Dataset section:
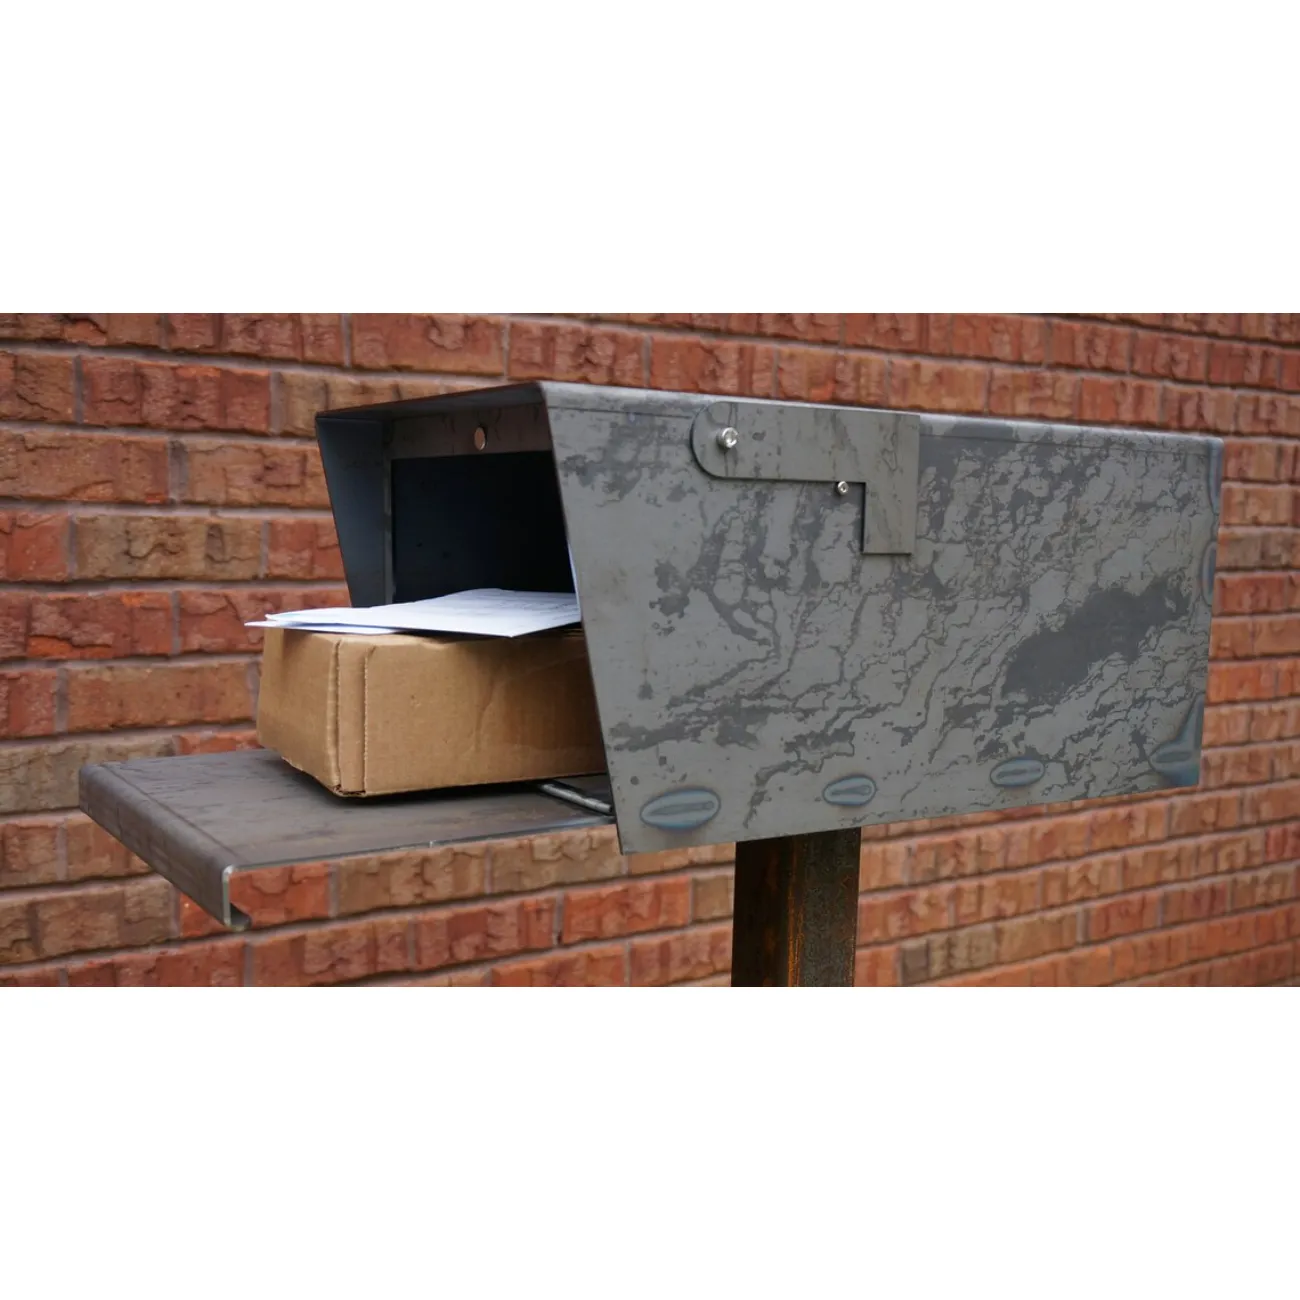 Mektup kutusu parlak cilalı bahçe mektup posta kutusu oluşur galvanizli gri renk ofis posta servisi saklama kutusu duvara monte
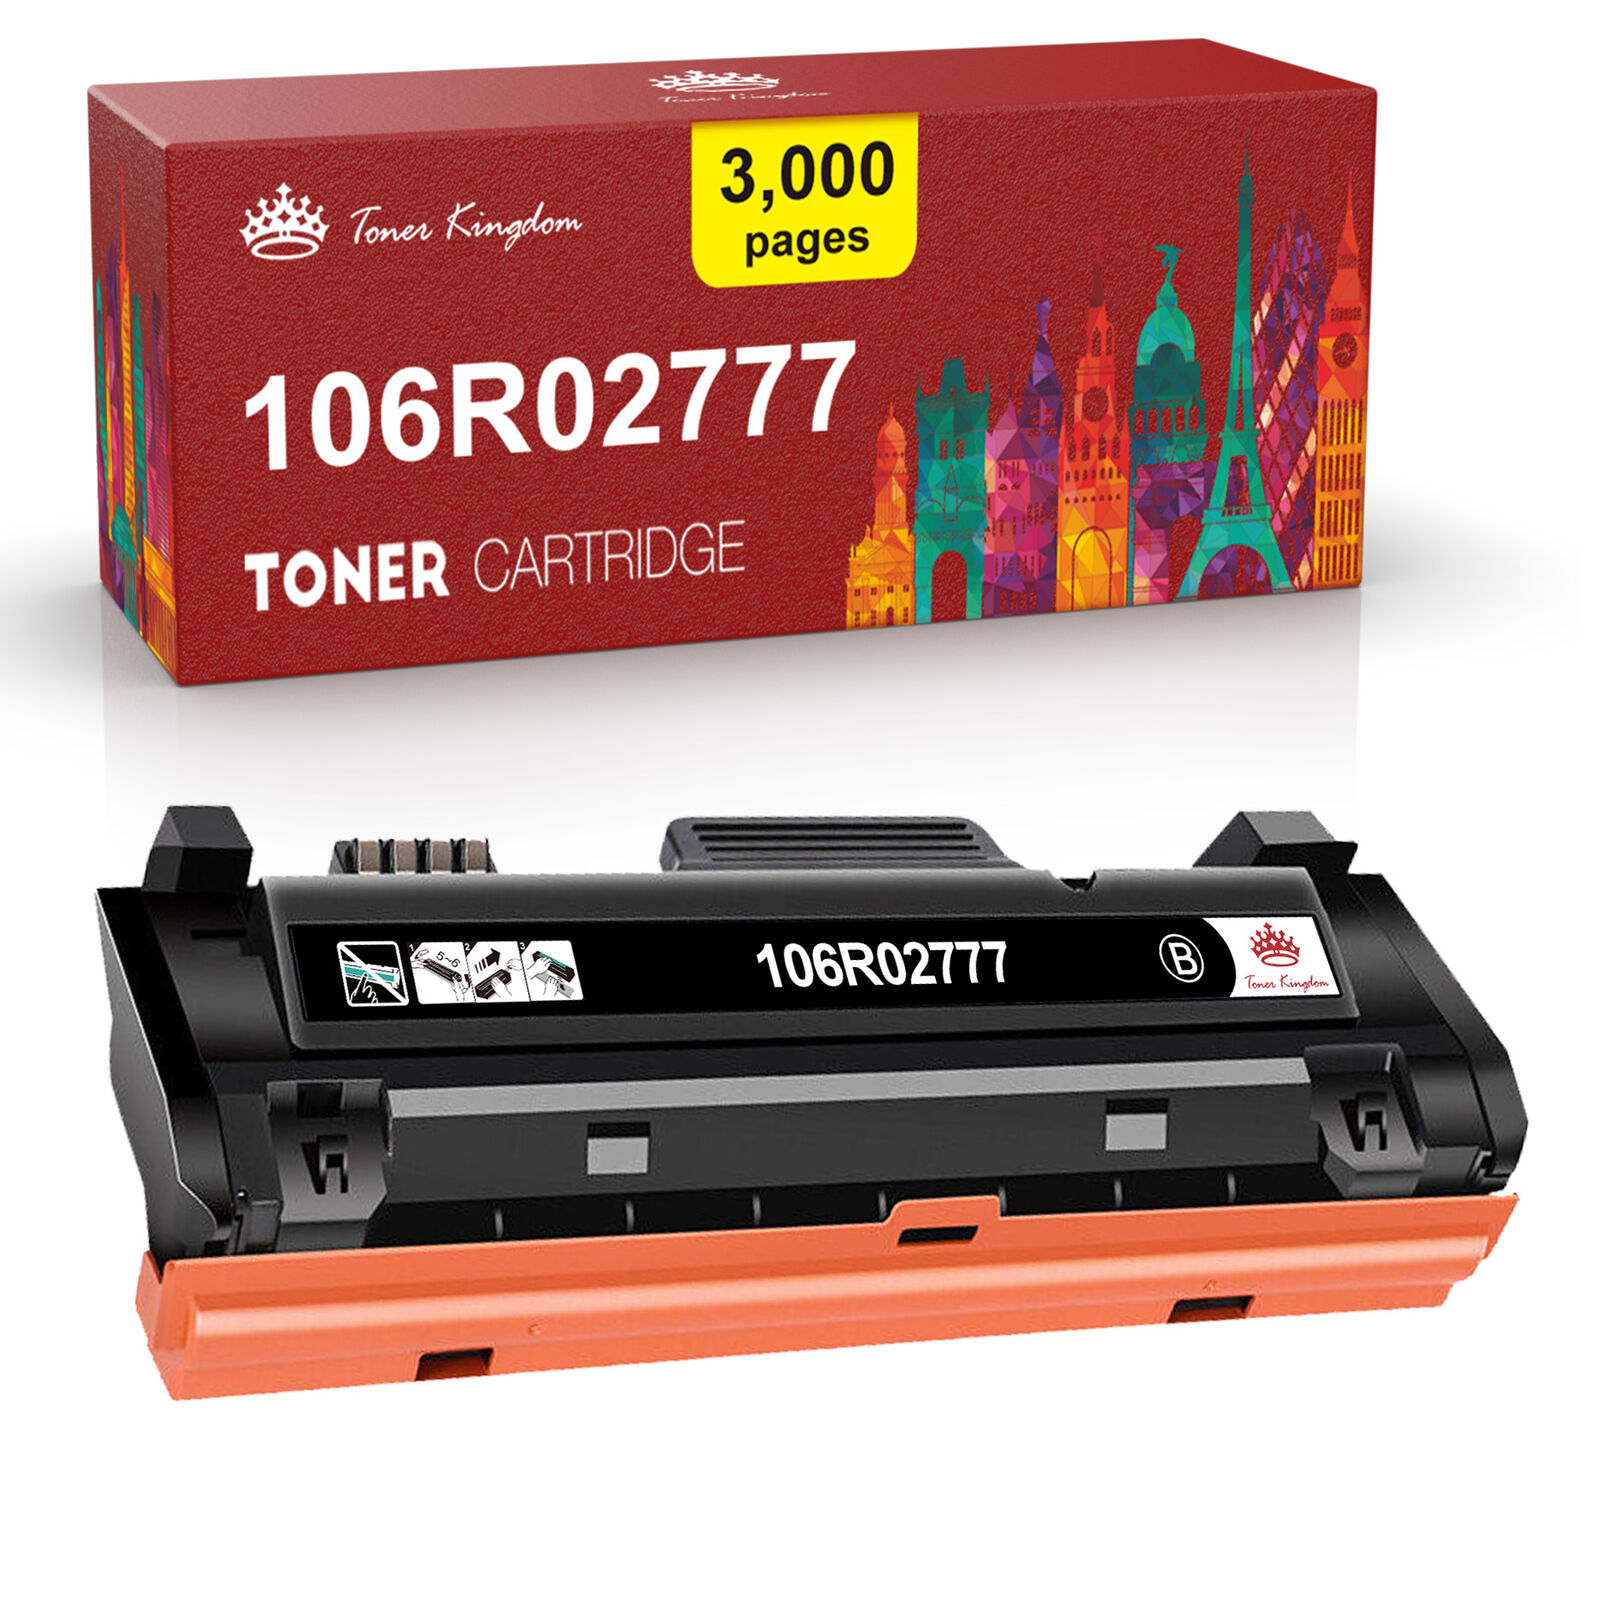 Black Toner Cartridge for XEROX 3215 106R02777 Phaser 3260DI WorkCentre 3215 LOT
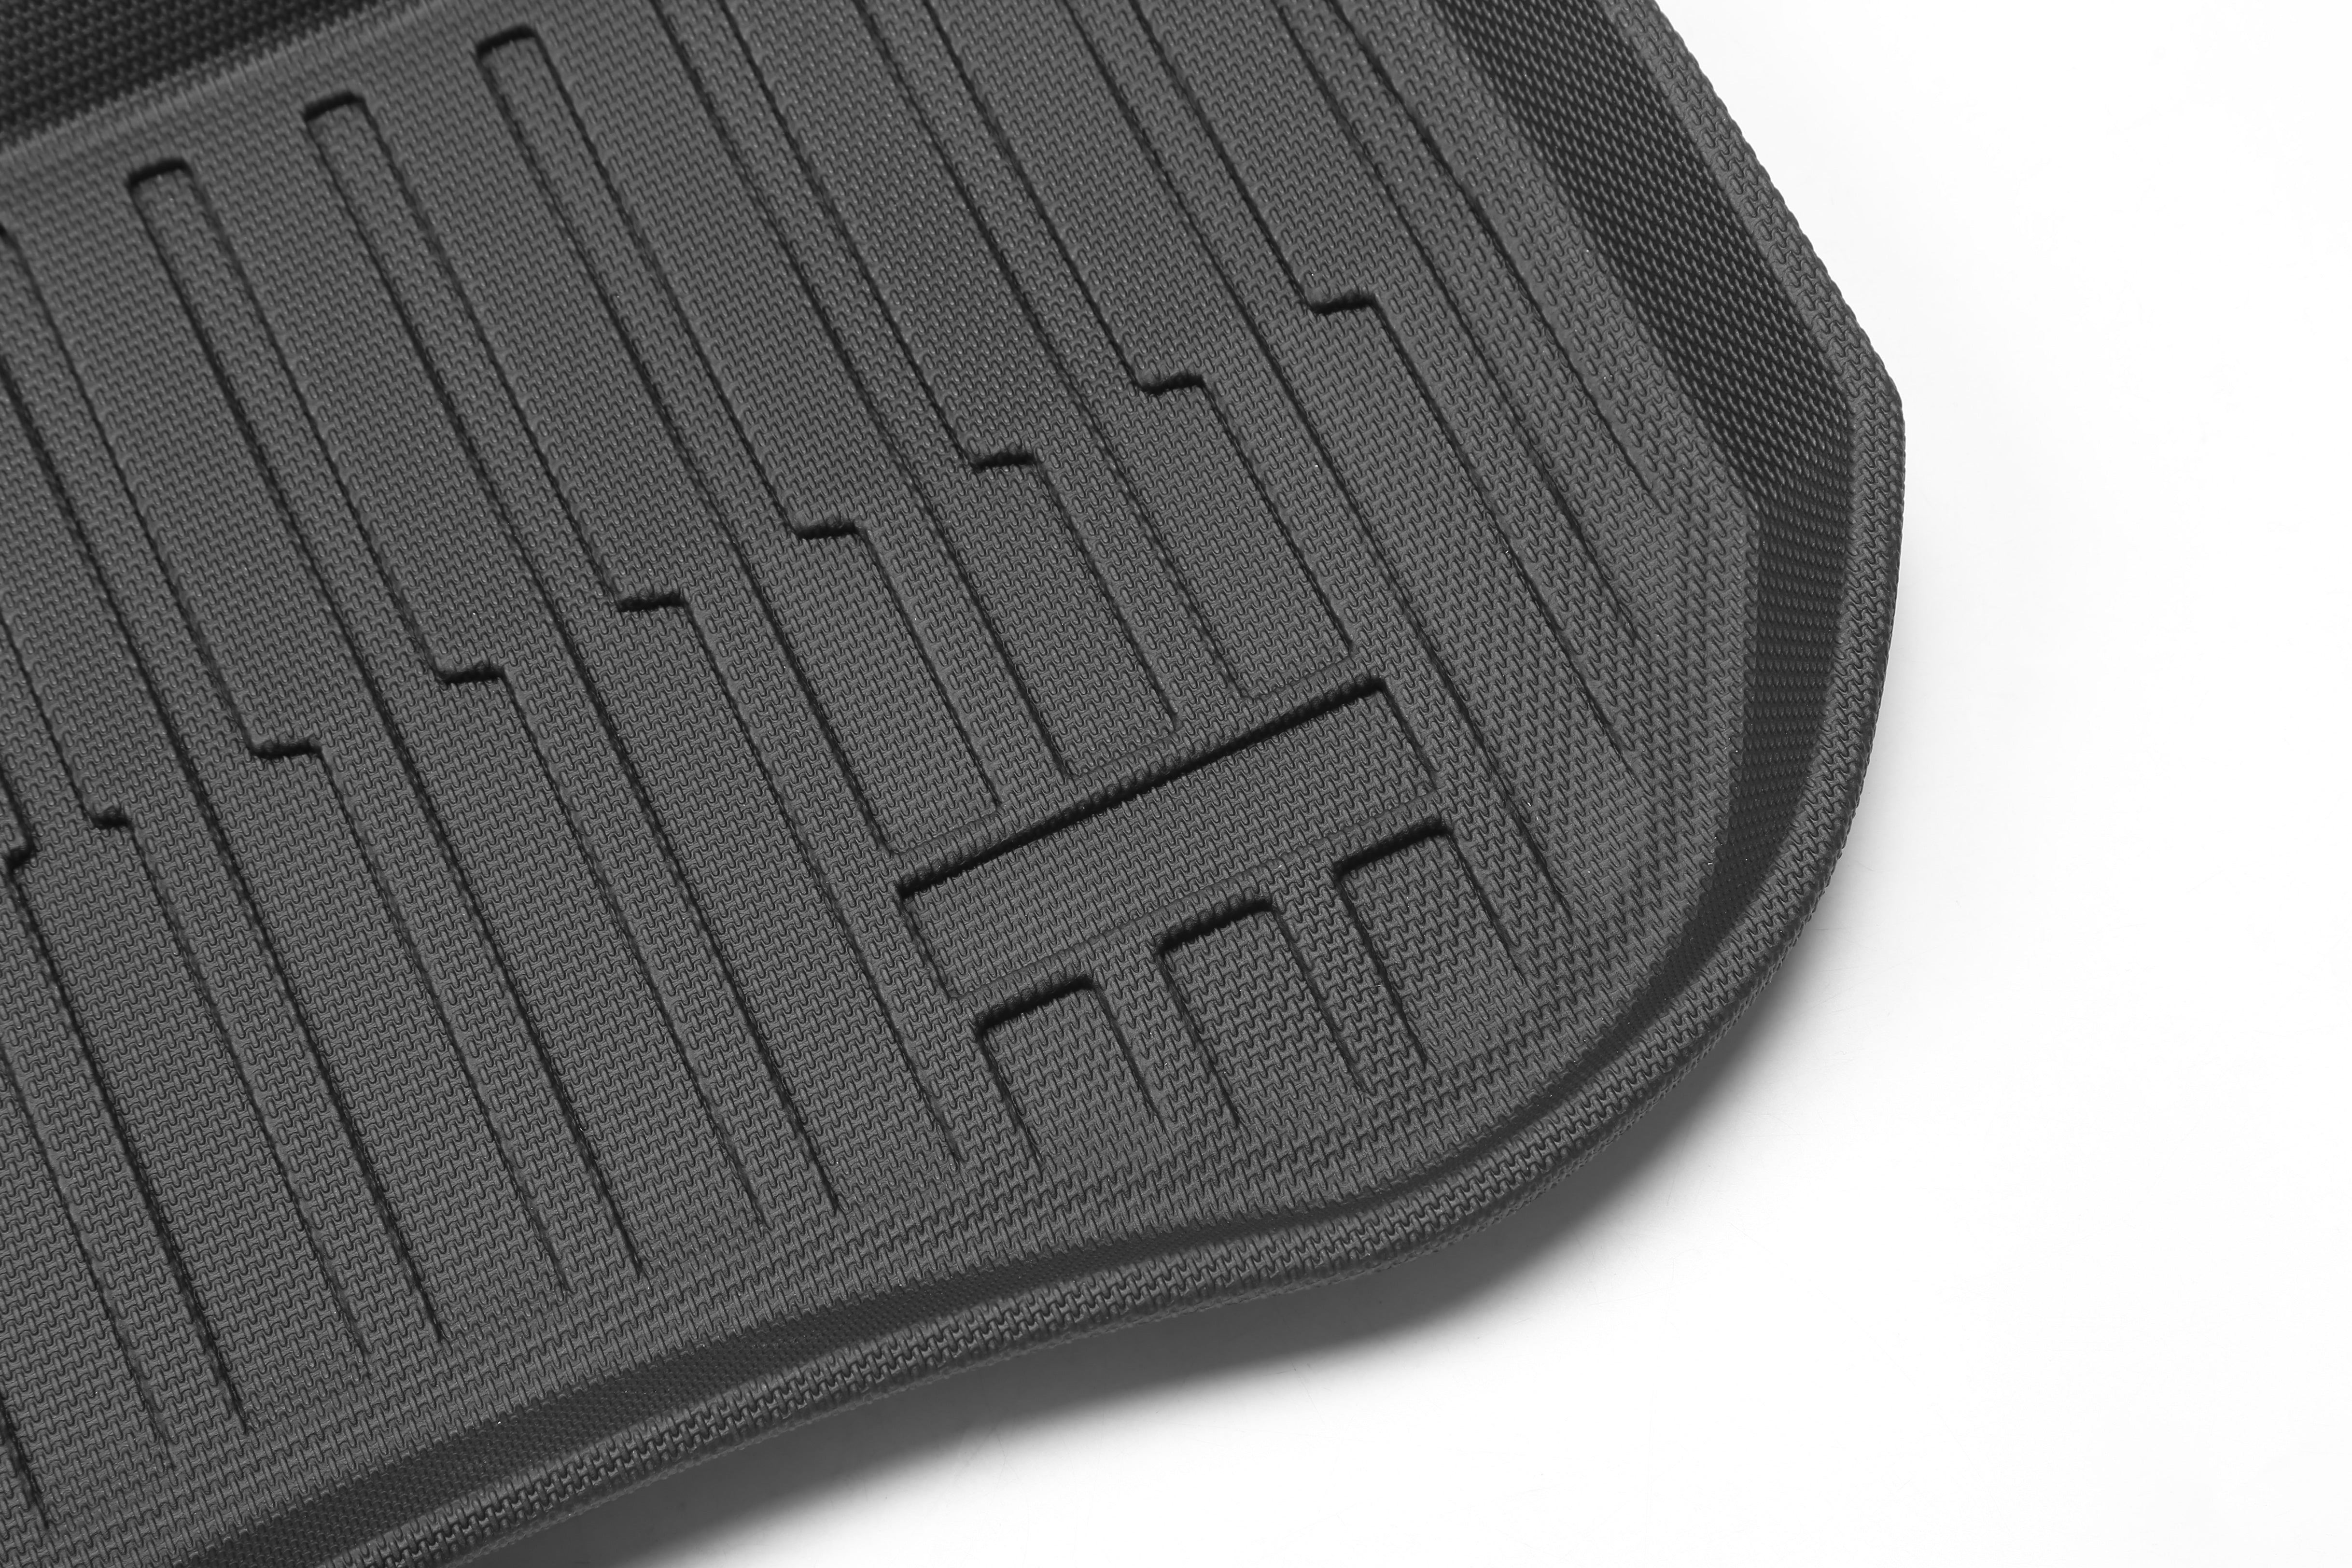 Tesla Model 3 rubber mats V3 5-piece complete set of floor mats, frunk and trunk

About this task: Only the pictures stay behind; everything else in the data above is to be retyped exactly.

Exercise solution:
 Mektup kutusu parlak cilalı bahçe mektup posta kutusu oluşur galvanizli gri renk ofis posta servisi saklama kutusu duvara monte
 Black Toner Cartridge for XEROX 3215 106R02777 Phaser 3260DI WorkCentre 3215 LOT
 Tesla Model 3 rubber mats V3 5-piece complete set of floor mats, frunk and trunk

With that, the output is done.